As a natural alternative to traditional antimicrobials, phages are being recognised as highly effective control agents for Salmonella and other foodborne bacteria.

Due to the high diversity of Salmonella serotypes and the emergence of phage-resistant strains, attempting to isolate more widespread, strictly lytic Salmonella phages is highly warranted.

In this study, a lytic phage, LP31, was isolated from poultry faecal samples.

Transmission electron microscopy revealed that the phage had a polyhedral head and a retraction-free tail, indicative of the Siphoviridae family.

Adsorption rate experiments showed that LP31 required the participation of lipopolysaccharides, but not flagella, during phage adsorption. H

ost profile identification showed that LP31 could lyse most Salmonella Enteritidis (S. Enteritidis) (96.15%, N = 104) and Salmonella Pullorum (S. Pullorum) (96.67%, N = 60).

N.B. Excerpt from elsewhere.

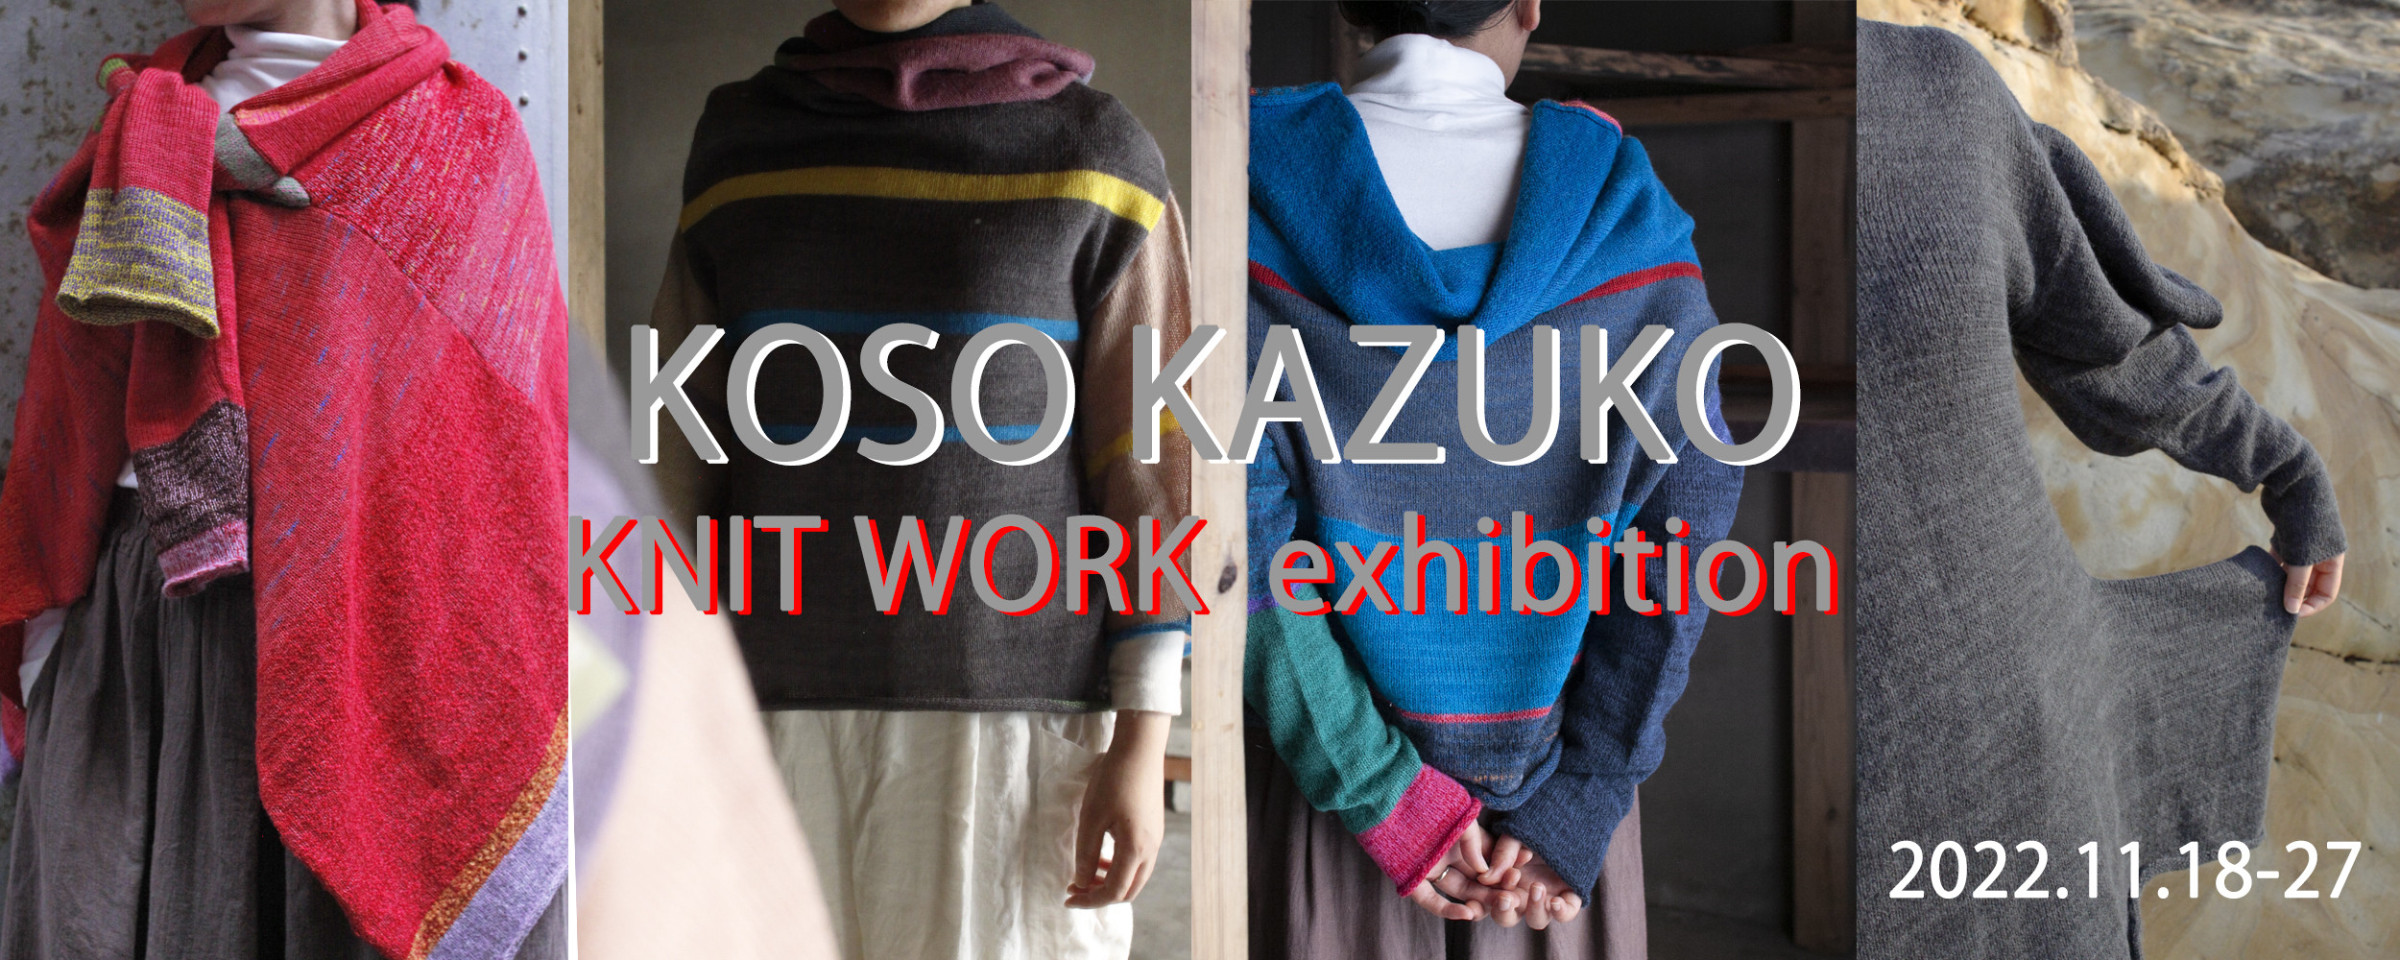 KOSO KAZUKO KNIT WORK exhibition

Initial applications found that LP31 reduced the concentration of static S. Enteritidis on metal surfaces (0.951 log10 cfu/ml) and in the faeces of chicks (2.14 log10 cfu/g).

Notably, LP31 could almost completely remove biofilms formed by S. Enteritidis and S. Pullorum in 1 h.

These findings suggest that LP31 has a good prevention and control effect against biofilms and planktonic antibiotic-resistant Salmonella, and is therefore a potentially promising biocontrol agent for controlling the spread of Salmonella in the poultry and food processing industries.

Keywords: Biofilm; Phage; Poultry; Salmonella.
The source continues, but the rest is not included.